代替的には、化合物は、経口投与のためのエマルジョン又はシロップ中で、カプセル化、錠剤化、又は調製できる。薬学的に許容可能な固体又は液体の担体は、組成物を増強若しくは安定化するために、組成物の調製を容易にするために加えられ得る。固体担体には、デンプン、ラクトース、硫酸カルシウム二水和物、石膏、ステアリン酸マグネシウム若しくはステアリン酸、タルク、ペクチン、アカシア、寒天、又はゼラチンが含まれる。液体担体には、シロップ、ピーナッツオイル、オリーブオイル、生理食塩水、及び水が含まれる。この担体はまた、単独で又はワックスとともに、モノステアリン酸グリセリン又はジステアリン酸グリセリンなどの徐放性物質が含まれ得る。固体担体の量は変化するが、好ましくは、投薬量単位当たり約20mgから約1gの間である。薬学的調製物は、錠剤形態については、粉砕、混合、顆粒化、及び必要な場合は圧縮を、或いは硬質ゼラチンカプセル形態については、粉砕、混合、及び充填を含む従来の製薬技術に従って作製される。液体担体が使用される場合、調製物は、シロップ、エリキシル、エマルジョン、又は水溶性若しくは非水溶性懸濁液の形態であってもよい。直腸投与のために、本発明の化合物は、ココアバター、グリセリン、ゼラチン、又はポリエチレングリコールなどの賦形剤と合わせられ得、且つ坐剤に成形できる。
本発明の化合物は、他の医学的に有用な薬物又は生物学的作用剤を含むように処方できる。この化合物はまた、本発明の化合物が指向される疾患又は状態のために有用である他の薬物又は生物学的作用剤の投与と組み合わせて投与できる。
本明細書中で使用される場合、語句「有効量」とは、そのレシピエントに有益な効果を付与するための十分に高い濃度を提供するために十分な量をいう。任意の特定の患者にとっての特定の治療有効用量レベルは、治療される障害、障害の重篤度、特定の化合物の活性、投与の経路、化合物のクリアランスの速度、治療の期間、化合物と組み合わせて又は同時に使用される薬物、年齢、体重、性別、食餌、及び被験体の一般的な健康、及び医学分野及び化学分野において周知である同様の要因を含む、種々の要因に依存する。「治療有効量」を決定する際に配慮される種々の一般的考慮は当業者に公知であり、例えば、Gilmanら編、グッドマン及びギルマンの治療薬の薬学的基礎(Goodman and Gilman’s:The Pharmacological Bases of Therapeutics)第8版、Pergamon Press、1990;並びにレミングトンの薬学(Remington’s Pharmaceutical Sciences)、第17版、Mack Publishing Co.、Easton、Pa.、1990において記載されている。投薬量レベルは、約0.001から100mg/kg/日の範囲内にあり;約0.05から10mg/kg/日の範囲が一般的に適用可能である。化合物は、非経口的に、例えば、血管内、静脈内、動脈内、筋肉内、皮下などで投与できる。投与はまた、経口、鼻腔、直腸、経皮的、又はエアロゾルを介して吸入的であってもよい。本発明の組成物は、ボーラスとして投与してもよく、又はゆっくりと注入してもよい。
治療有効用量は、IC50を決定することによって細胞培養アッセイから最初に見積もることができる。次いで、用量は、細胞培養で決定したIC50を含む循環血漿濃度範囲が得られるように、動物モデル中で処方できる。このような情報が使用して、ヒトにおいて有用な用量をより正確に決定できる。血漿中のレベルは、例えば、HPLCによって測定できる。正確な処方、投与の経路、及び投薬量は、患者の状態を考慮して個々の医師によって選択できる。

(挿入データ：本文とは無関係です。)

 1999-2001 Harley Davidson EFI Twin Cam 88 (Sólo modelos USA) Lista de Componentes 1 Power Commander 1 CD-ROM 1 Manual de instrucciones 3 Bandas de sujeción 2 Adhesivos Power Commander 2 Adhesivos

免疫応答性の個体への本発明の癌療法剤の投与は、癌標的指向分子、LECに対する抗体、又は使用される場合、リンカーへの抗体の産生を生じ得る。本発明の癌療法剤の免疫原性を減少させることは、当該分野において周知の方法によって、例えば、癌標的指向分子、LECに、又は使用されるリンカーに長鎖ポリエチレングリコール(PEG)系スペーサーなどを結合させることによって対処できる。長鎖PEG及び他のポリマーは、外来性エピトープをマスクするそれらの能力について知られており、外来性エピトープを提示する治療タンパク質の免疫原性の減少を生じる(Katreら、J.Immunol.(1990)144、209−213;Francisら、Int.J.Hematol.(1998)68、1−18)。代替的には、又はさらに、抗体標的指向分子結合体を投与された個体は、シクロスポリンA、抗CD3抗体などの免疫抑制剤を投与できる。

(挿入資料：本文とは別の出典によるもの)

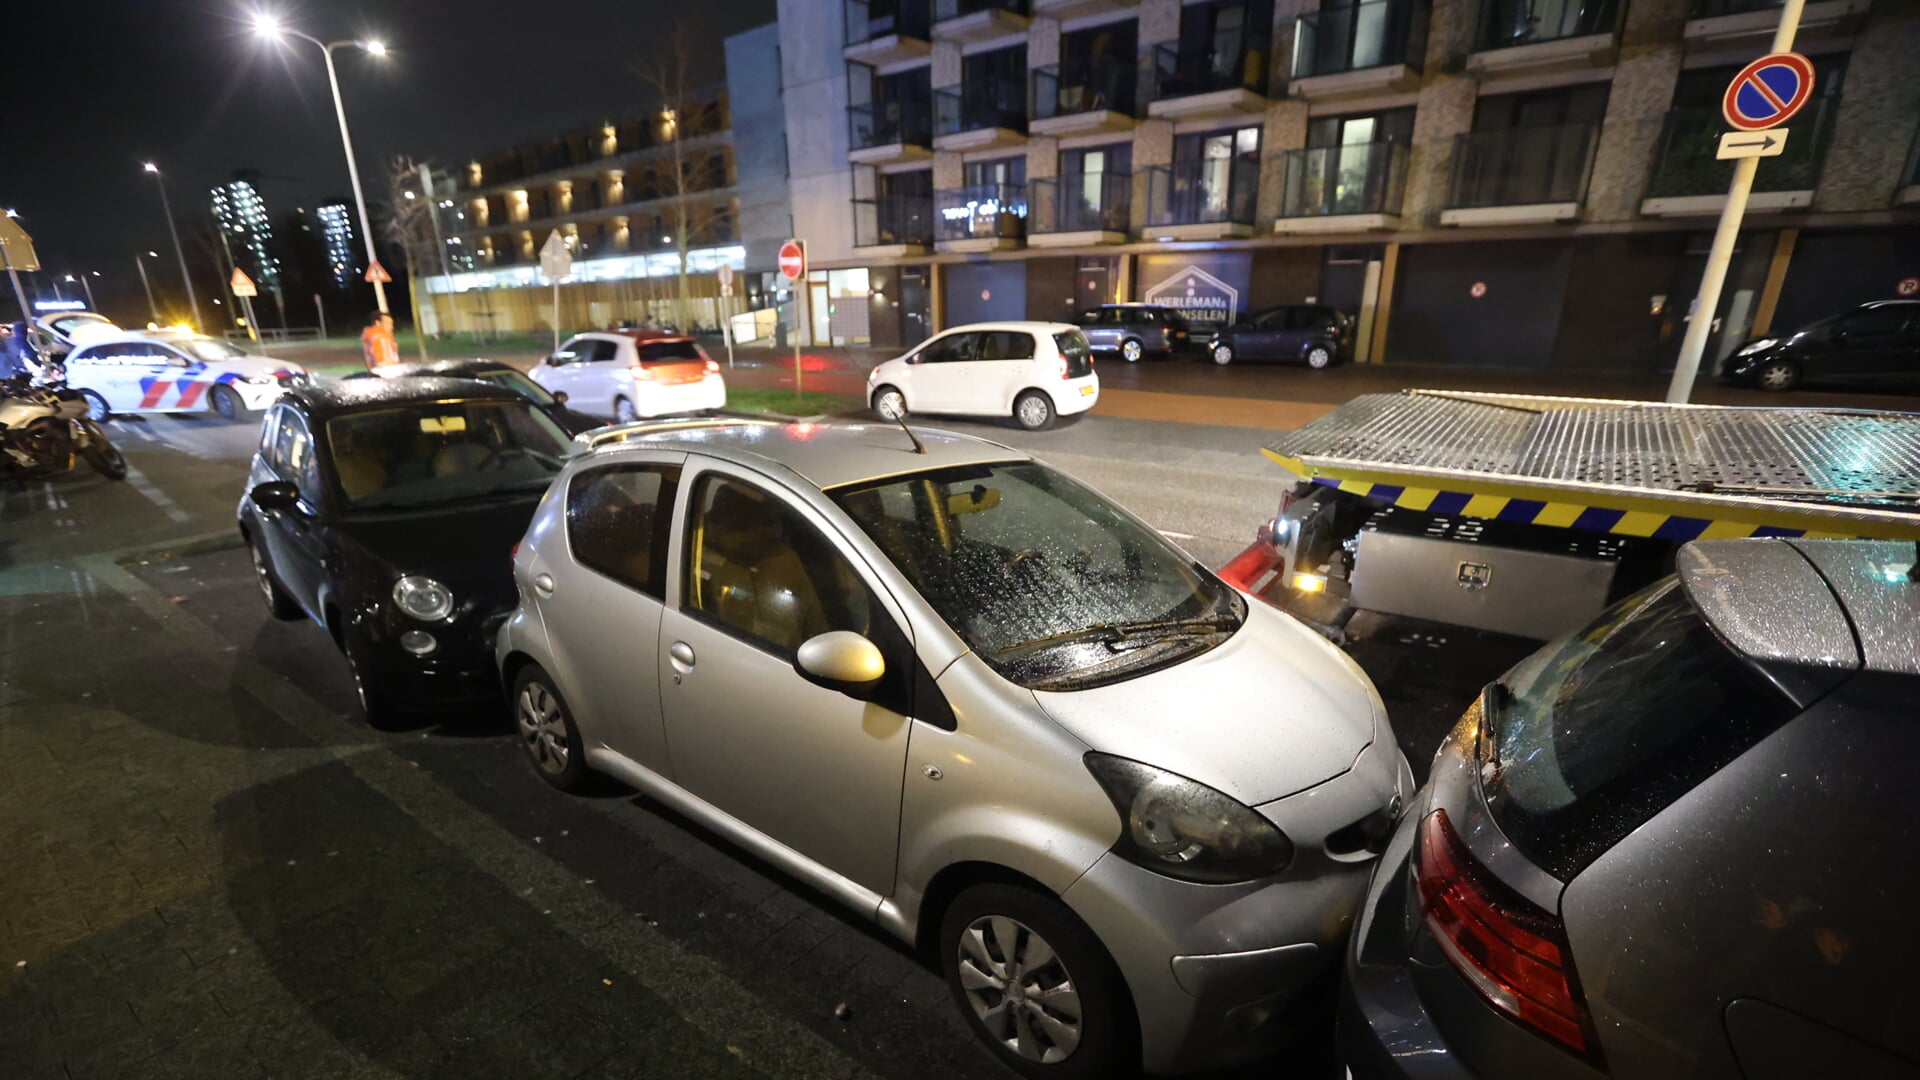 
Automobilist knalt tegen geparkeerde voertuigen

以下の実施例は本発明を例証するために働く。これらの実施例は、いかなる場合においても本発明の範囲を限定することを意図しない。
(実施例1)
標的指向ビヒクルとしてのTNT抗体
a.キメラTNT−3
TNTモノクローナル抗体(MAb)を使用して、腫瘍の壊死領域中に局在する変性中の細胞を介して固形腫瘍を標的とした(1)。この手法は、抗原による免疫調整及びその脱落の問題を回避しながら、多様な起源の癌を標的とするために使用できる。3種のキメラTNT MAbが開発された。これらのchTNT−1、chTNT−2、及びchTNT−3は、それぞれ、ヒストンDNA複合体、ヘテロクロマチンDNA、及び一本鎖DNAからなる核内抗原を標的とする(4、5、Khawliら、Cancer Biotherapy & Radiopharmaceuticals(2002)17:359−370)。腫瘍保有マウスにおける各TNT MAbの薬物動態及び生体分布特性が提示されている。3種すべてのキメラTNT MAbは以前に記載されたように産生された(同上)。
6週齢の雌性BALB/cマウスを使用してキメラTNT MAbの薬物動態クリアランスを決定した。マウスの群(n=5)に125I−標識したMAb(30〜40μCi/マウス)の腹腔内注射を投与した。chTNT−2は、chTNT−1(T1/2=30.4時間)及びchTNT−3(T1/2=134.2時間)と比較して、最長の循環時間(T1/2=178.7時間)を示した。125I−標識したキメラTNT MAbを固定化Raji細胞とともにインキュベートし、結合した放射能を使用して、Schatchard分析によって親和性定数Kaを計算する親和性結合試験も行った。chTNT−1、chTNT−2、及びchTNT−3の親和性定数は、それぞれ2.5×10−1、1.2×10−1、及び1.4×10−1であった。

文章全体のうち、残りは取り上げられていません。